Today marks the start of Choose Privacy Week, the annual initiative (always May 1-7) of the American Library Association that invites the public into a national conversation about privacy rights in a digital age.
Along with Center for Information Policy Research, I’ve been a proud supporter of Choose Privacy Week since its inception in 2010, including organizing a panel discussion on “Emerging Privacy and Ethical Challenges for Libraries in the 2.0 Era” (2010), participation in an ALA webinar on “Youth Privacy” (2011), the screening of the documentary “Big Brother, Big Business: The Data-Mining and Surveillance Industries” (2012), and hosting a talk by Dr. Kelly Gates on “The Computational Work of Policing” (2013).
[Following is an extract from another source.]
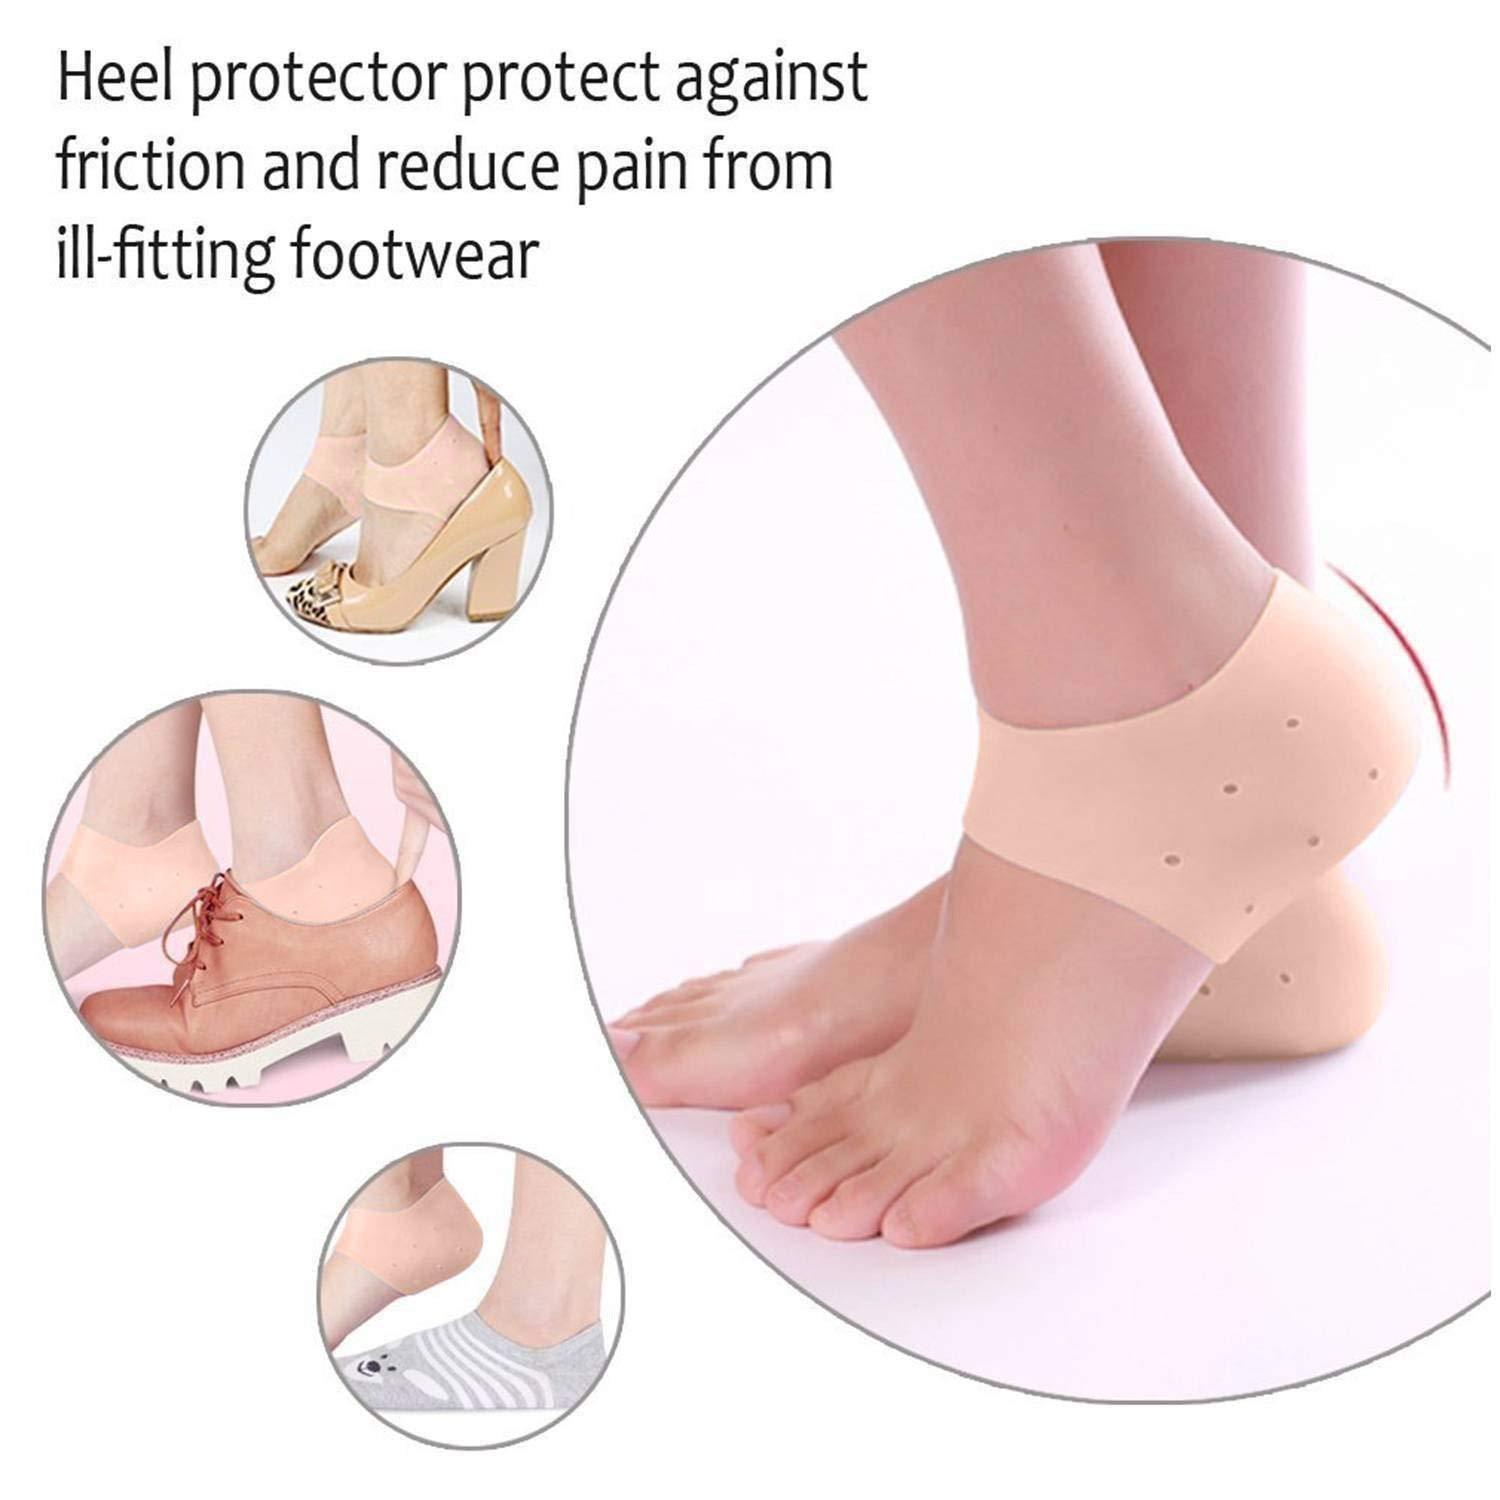 heel pad pain relief

Here’s what I have planned for this year’s celebration of Choose Privacy Week:
- On Monday, May 4, CIPR welcomes Prof. Neil Richards to UW-Milwaukee for a public lecture about his new book Intellectual Privacy. Full details here.
- I wrote a guest post for the official Choose Privacy Week blog that will appear on May 6: “Toward a set of Best Practices to Protect Patron Privacy in Library 2.0”
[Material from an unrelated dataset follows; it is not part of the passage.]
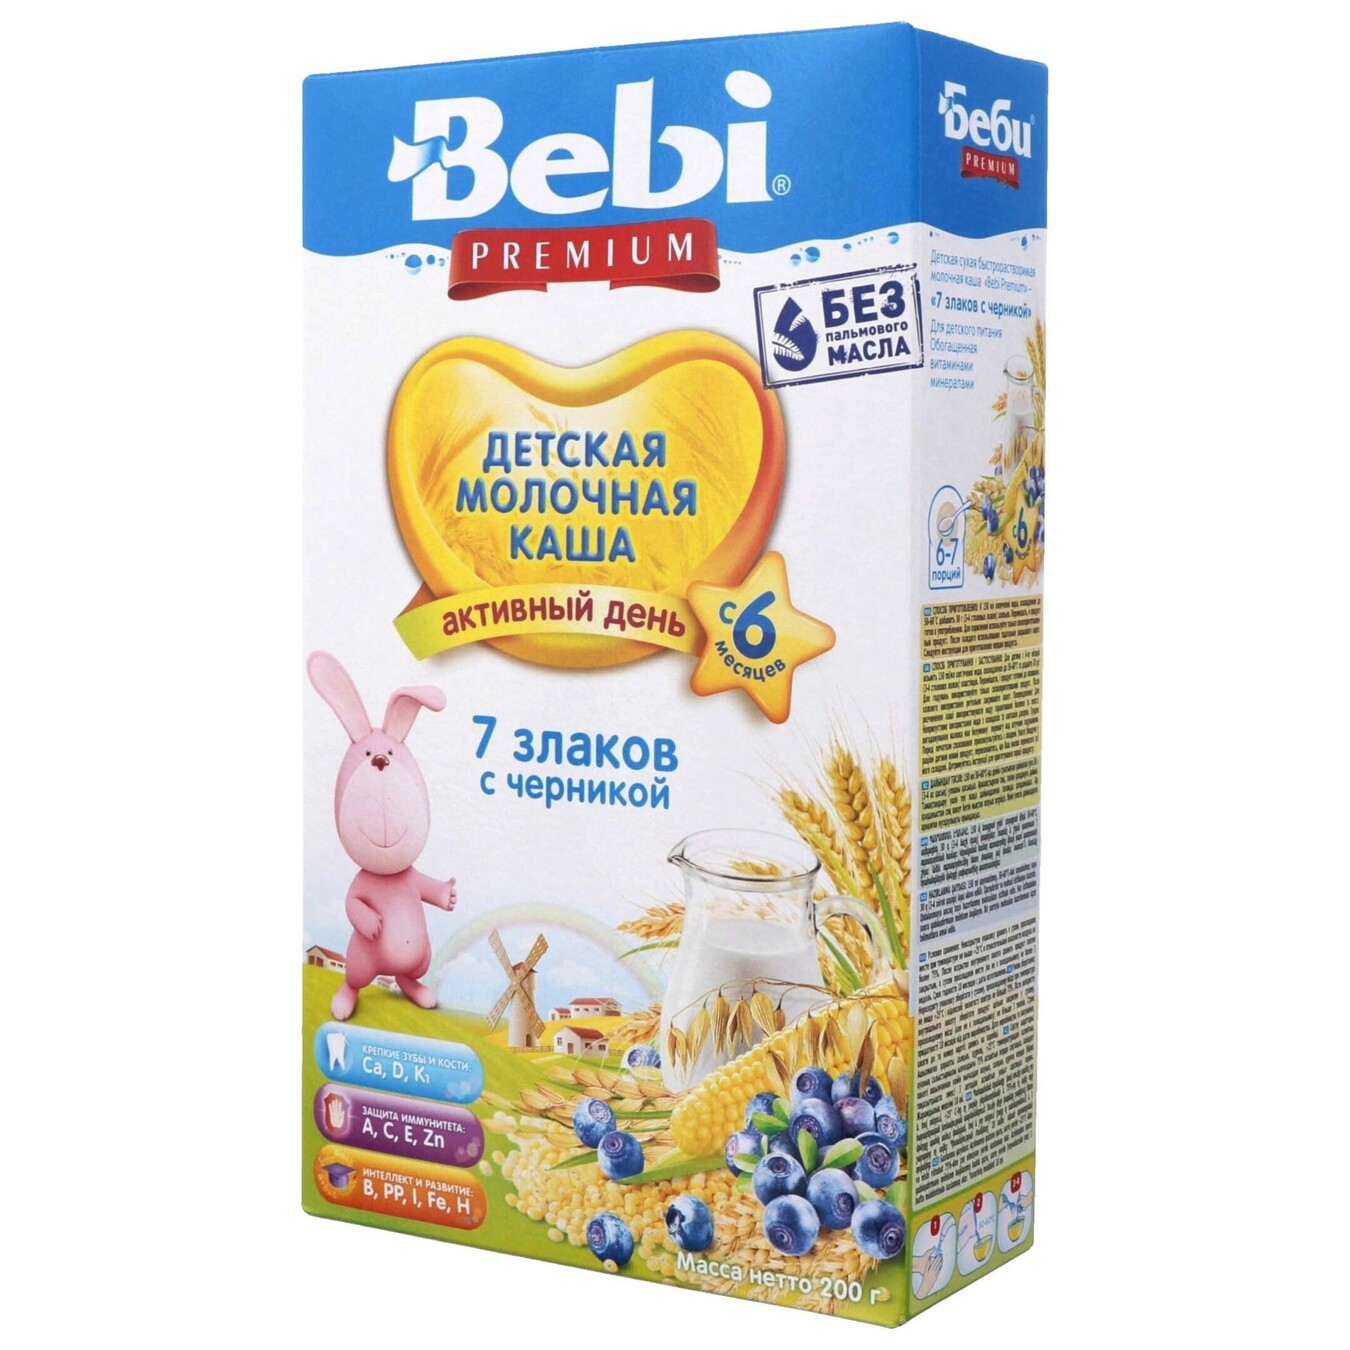 Каша Bebi Premium молочная 7 злаков с черникой 200г 2

- The first in a series of NISO-organized virtual forums to discuss Patron Privacy in Digital Library and Information Systems takes place on May 7.
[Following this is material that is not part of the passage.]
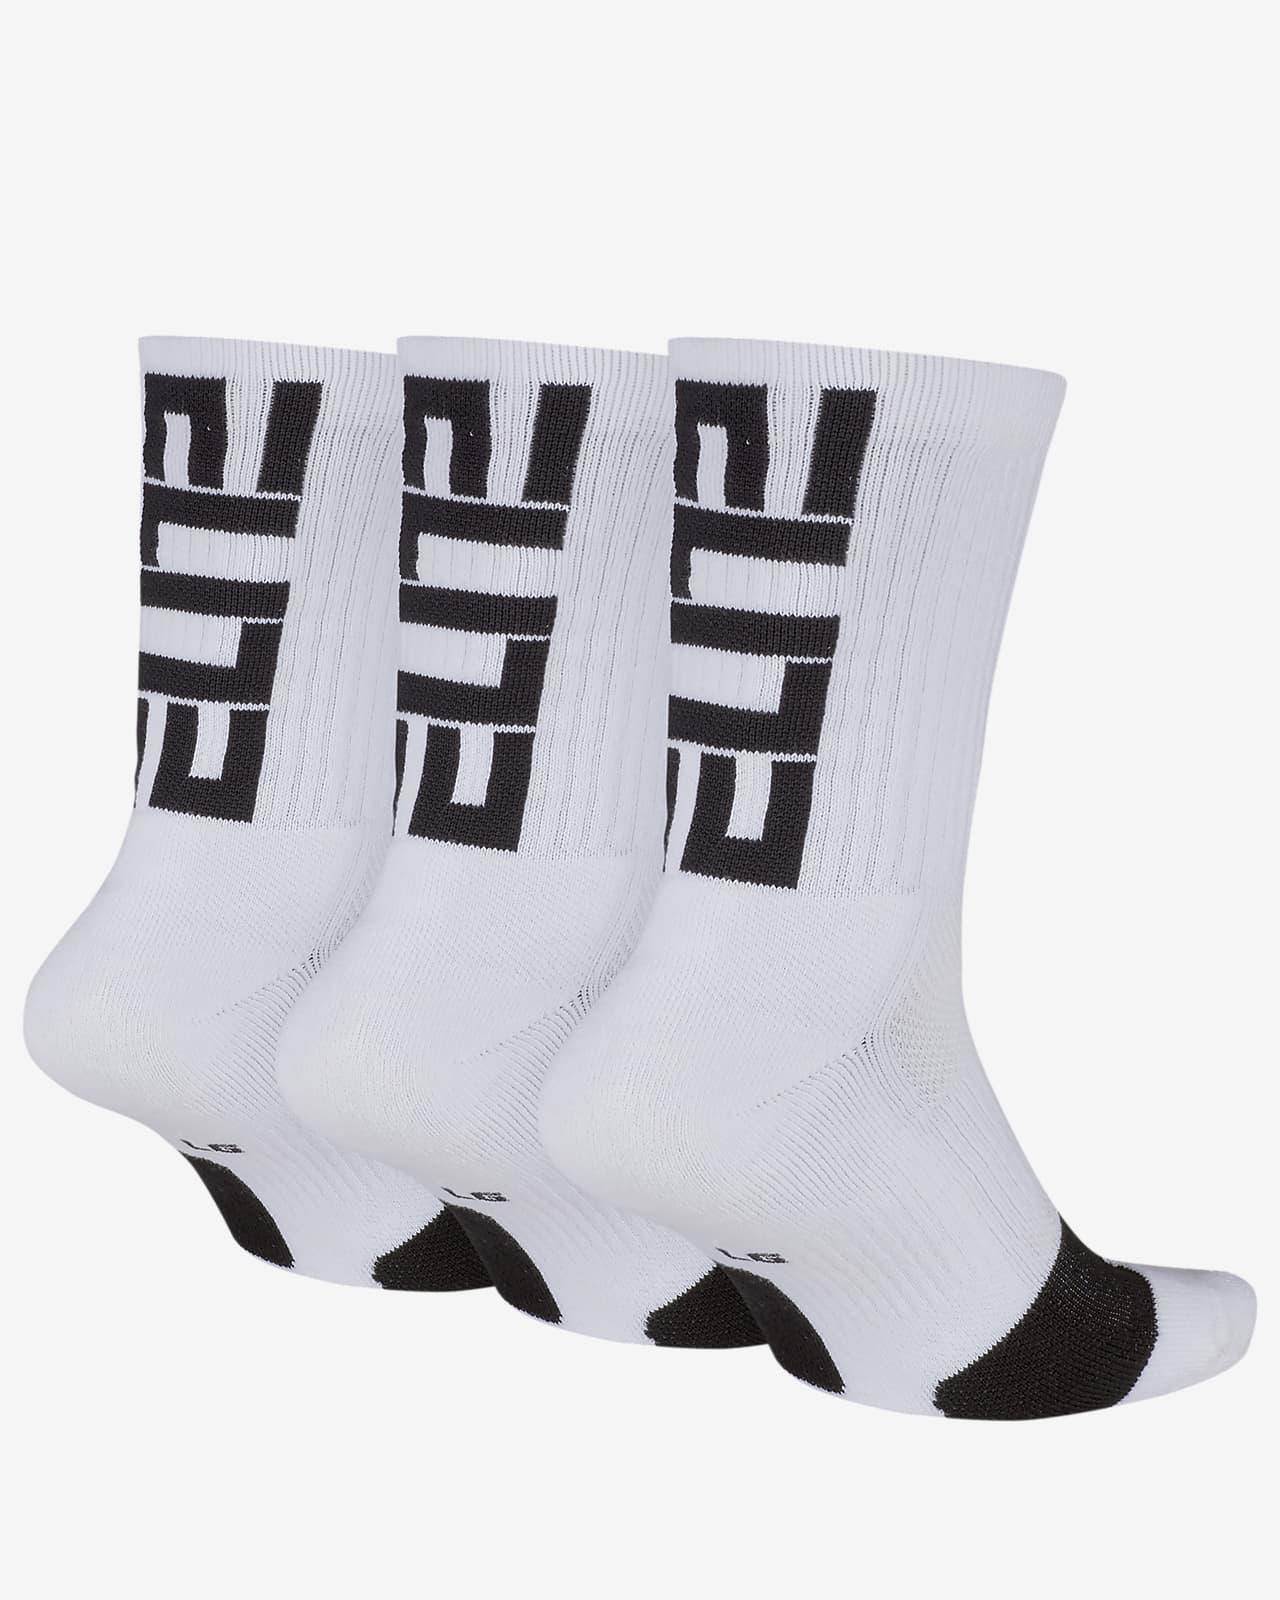 nike elite socks price

- Also on May 7, I will be participating in a 2-day workshop on Privacy Enabling Design, organized by the Computing Community Consortium, and hosted by Georgia Tech.
- I’ll be working with the office of a member of the Wisconsin State Assembly to help draft legislation to create privacy protections for vehicle black box data
- Throughout the week, I’ll be listening to Jeffery Rosen’s excellent set of lectures on “Privacy, Property, and Free Speech: Law and the Constitution in the 21st Century.”